Friday, August 28, 2020

Rude Awakenings

I was very lucky to have good parents that neither smoked or drank so I wasn't beat up all the time by parents who were smoking cigarettes and drinking beer all the time like many of my friends. I was treated mostly kindly and not beaten regularly like many I knew in the 1950s so I was traumatized at least in this way like many were that I knew in the 1950s and 1960s and 1970s.

However, I had many rude awakenings in life despite having good parents who always fed and clothed me and drove me to school or bought me bicycles so I could ride myself to school on a bicycle when I wanted to by age 8.

But, the most traumatic rude awakenings in my life started around age 18 when I graduated High School at a private school in Santa Fe, New Mexico while my parents stayed in Glendale, California my senior year of High School.
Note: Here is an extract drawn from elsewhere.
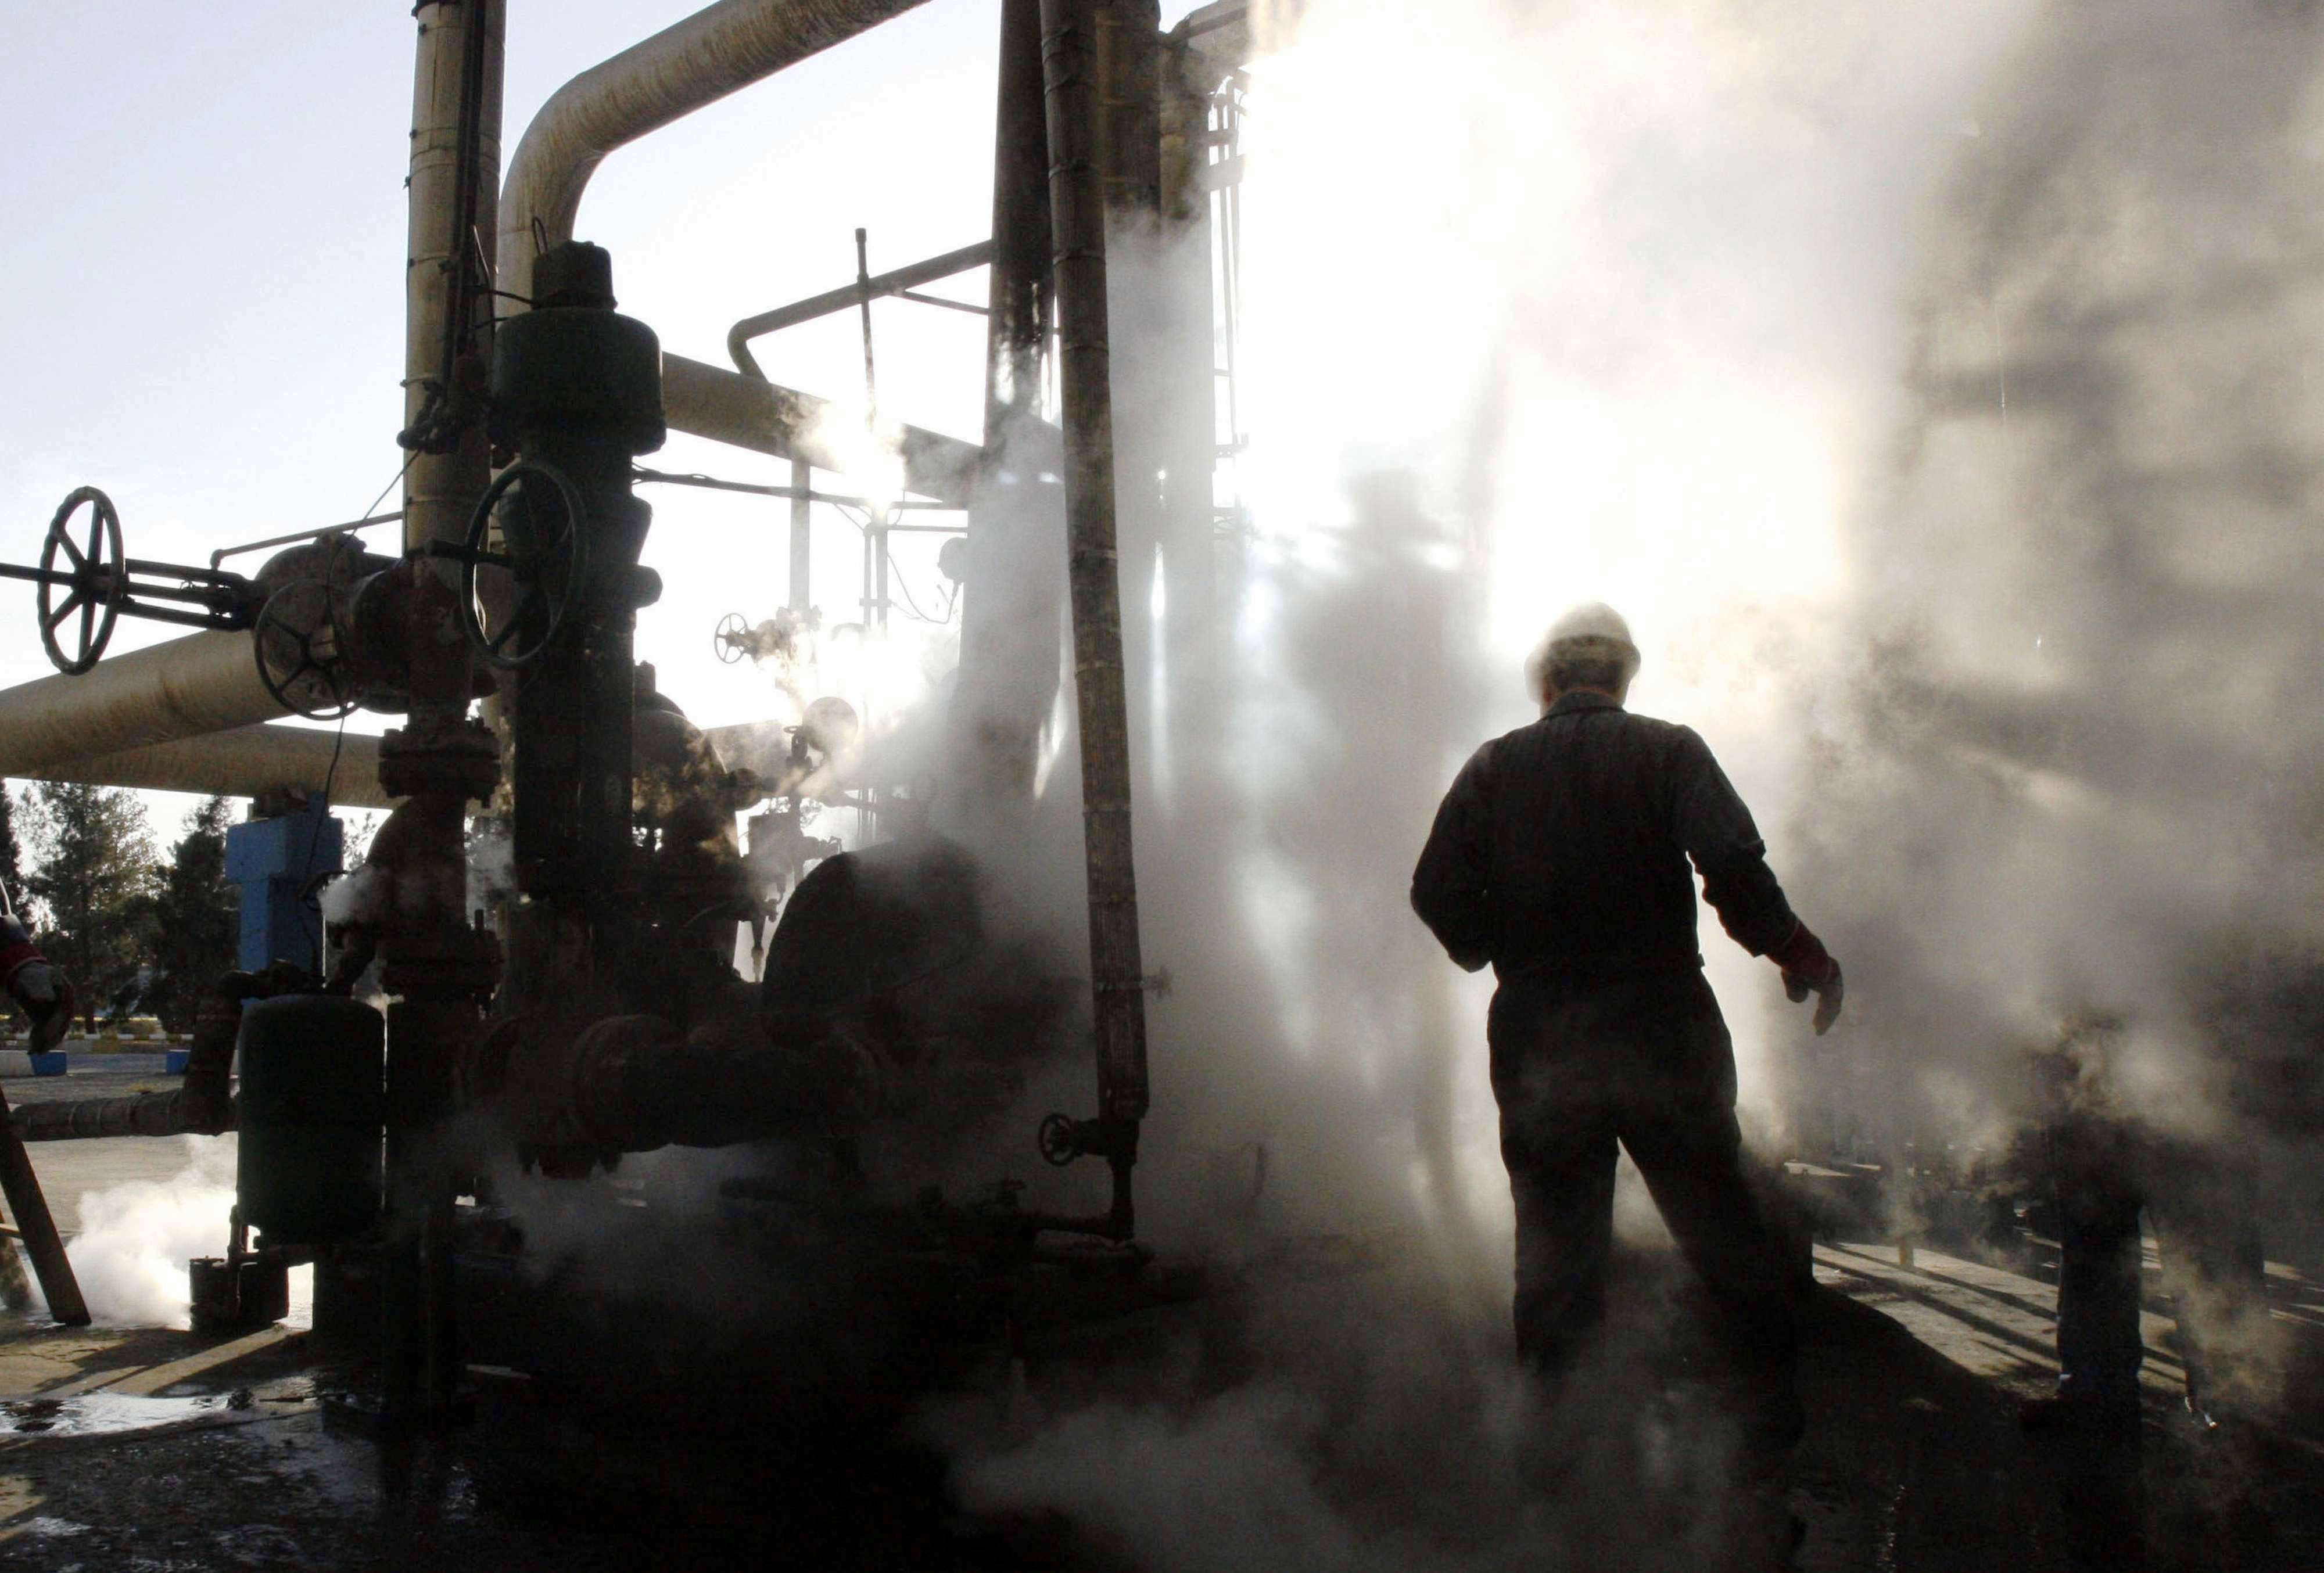 العرض الإيراني يأتي بينما تضغط الولايات المتحدة على حلفائها الخليجيين لزيادة إنتاج النفط

I think the first traumatic experience around graduation was having to sign up for the draft at the post office. My father told me to write on there that I had a physical ailment that I might be deferred for and when I returned to Los Angeles County and Glendale he took me to my doctors to finalize that for me. I was given a 4 F because I had had blunt trauma childhood epilepsy. However, back then my son hadn't been born and gone to college and gotten a Bachelor's of Science with Honors in Nursing so I didn't know my kind was the ONLY kind one grows out of caused by a blow to the head then. People didn't understand this sort of thing then much I guess including doctors at least family practitioners in the 1950s and early 1960s. So, I was grateful to have a 4 F because I wouldn't have to go to Viet Nam and die but it made me feel sort of guilty too because I knew so many others who suffered or died in various ways because of the draft including going to jail because they deserted the
Viet Nam War. And then there was my best friend from church who was a conscientious objector which is hard to go through too but maybe better than being blown up or shot to death in Viet Nam or getting permanent PTSD so you are dysfunctional and talking to yourself the rest of our natural life.

So, looking back at all this I can now say I was traumatized by all of this but then I think I would have told you it was just what was happening to everyone I knew then. So then, I would have just called this "Life".

But, like I said looking back I was traumatized a lot by everything that happened from about 1965 to around 1975 or 1980 in my life.

It wasn't until I married for the 2nd time in 1980 that I felt I was really beginning to get the hang of being an adult really and learning how to maximize everything in my life so it actually worked for me and for the people around me.

So, basically I was completely traumatized by dealing with adulthood after having really good parents so 18 to 30 I had a hard time even wanting to stay alive during this time.

This is why I always say: "It's a miracle anyone lives to be 30!"